Two masterly sets of variations also distinguished Taiwan-born Chang Yun-Hua’s recital that closed the piano festival on a high. Aaron Copland’s Piano Variations were astringent but compact, carved out with a granite-like resolve, while Brahms’s Handel Variations gradually built on its expansivity, culminating with the most mighty of fugal finales. The 21-year-old’s enormous range also encompassed Beethoven’s programmatic “Les Adieux” Sonata and Spaniard Isaac Albeniz’s lilting Almeria from Iberia, both handled with sensitivity and idiomatic nous.

 



Four evenings and five recitals of piano music, uniformly of high standard and without a weak link, would scarcely be thought possible during a pandemic.
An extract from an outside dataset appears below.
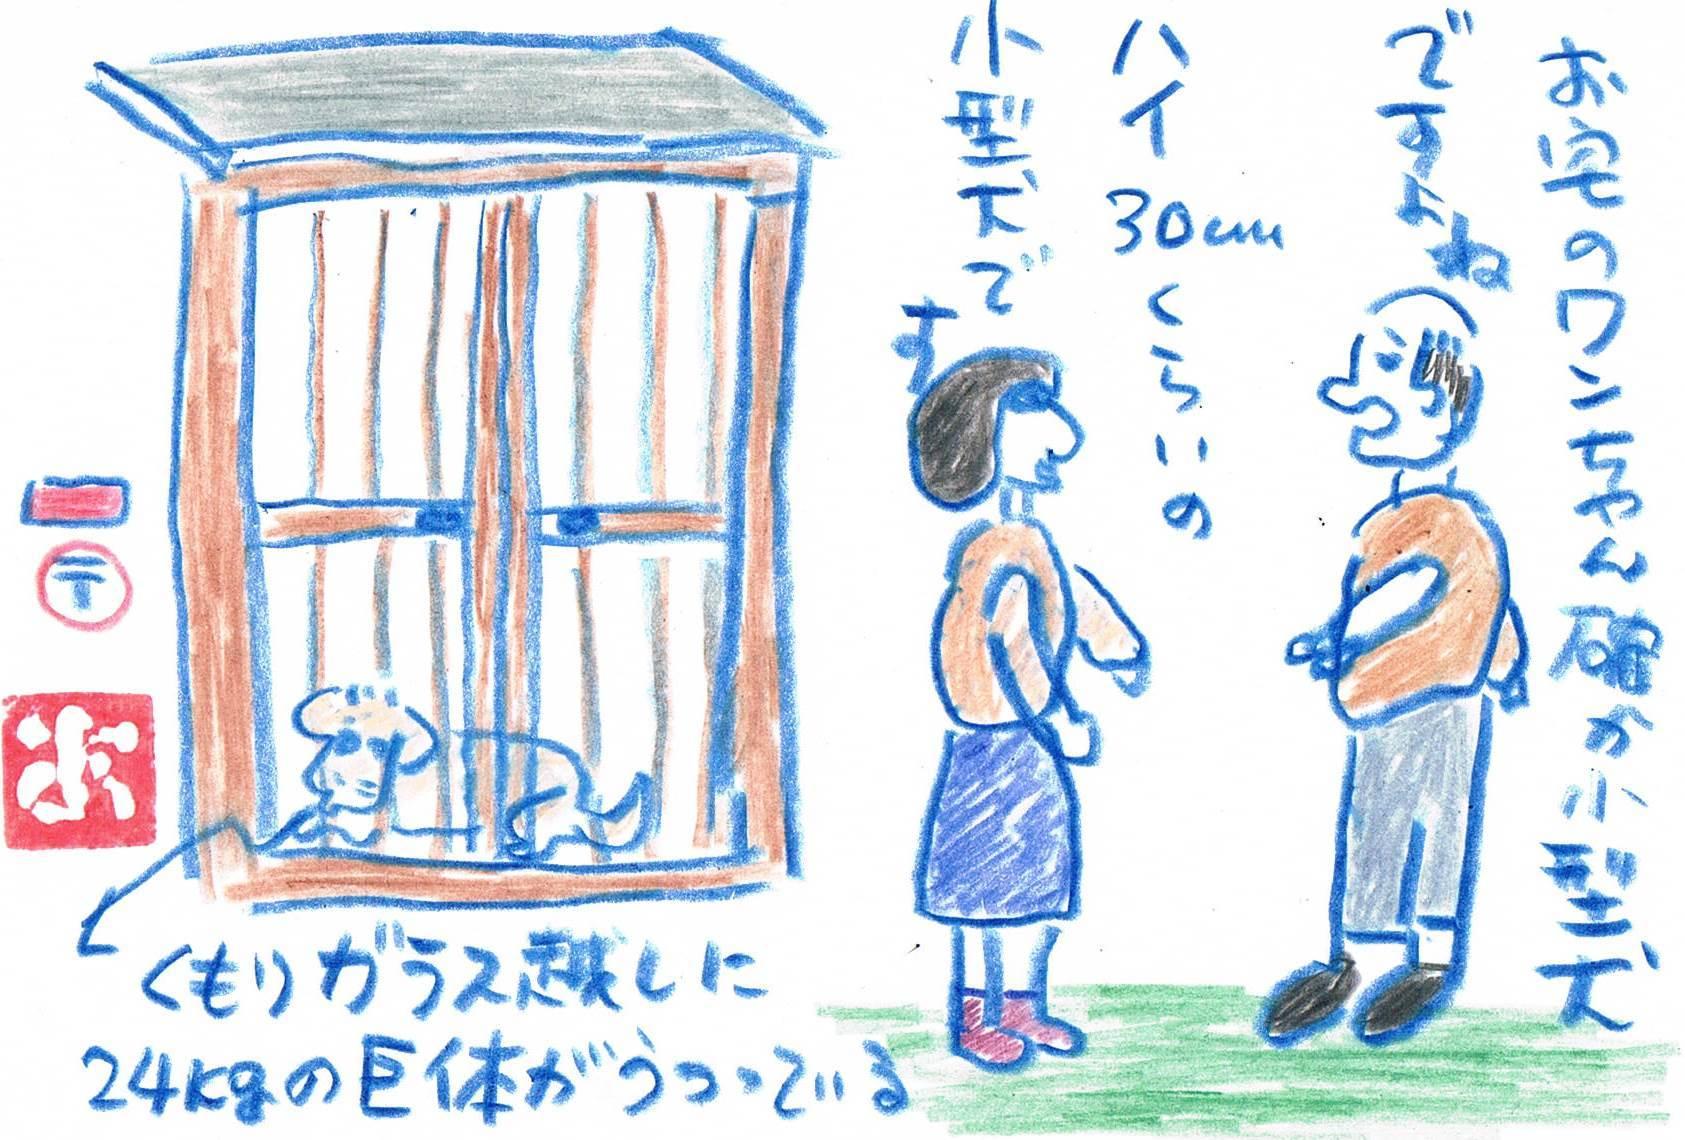 うめきちは小型犬です_e0232277_11253728.jpg

One can only be grateful by quoting the title of Zhang Haiou’s recital, and count this as “an extraordinary time” indeed.   

  

For the record, the encores performed at the end of each recital were as follows:

 

Kseniia Vokhmianina (3 June, 7.30 pm):

Rachmaninov Elegie in E flat minor Op.3 No.1

Marcello-Bach Adagio in D minor

 

Li Churen (4 June, 7.30 pm):

Li Churen Butterfly

Li Churen Llama’s Land

 

Zhang Haiou (5 June, 3 pm):

Chopin Nocturne in C sharp minor Op.Posth

Chopin Nocturne in E flat major, Op.9 No.2

 

Nicholas Loh (5 June, 7.30 pm)

Kapustin Etude in Seconds, Op.68 No.1

Gulda Prelude and Fugue

 

Chang Yun-Hua (6 June, 7.30 pm)

Balakirev Islamey

 

 

1 comment:

Chang Tou Liang said...

It's good to know that George Crumb's A Little Midnight Music was actually given its Singapore premiere at the 2006 Singapore International Piano Festival by Lee Pei Ming, who played the work for the composer himself at his home. So George Crumb has a loyal Singapore following!

On a sad note, we acknowledge the passing of iconic American composer Frederic Rzewski on 26 June. His works, North American Ballads and De Profundis, were given Singapore premieres by Nicholas Loh.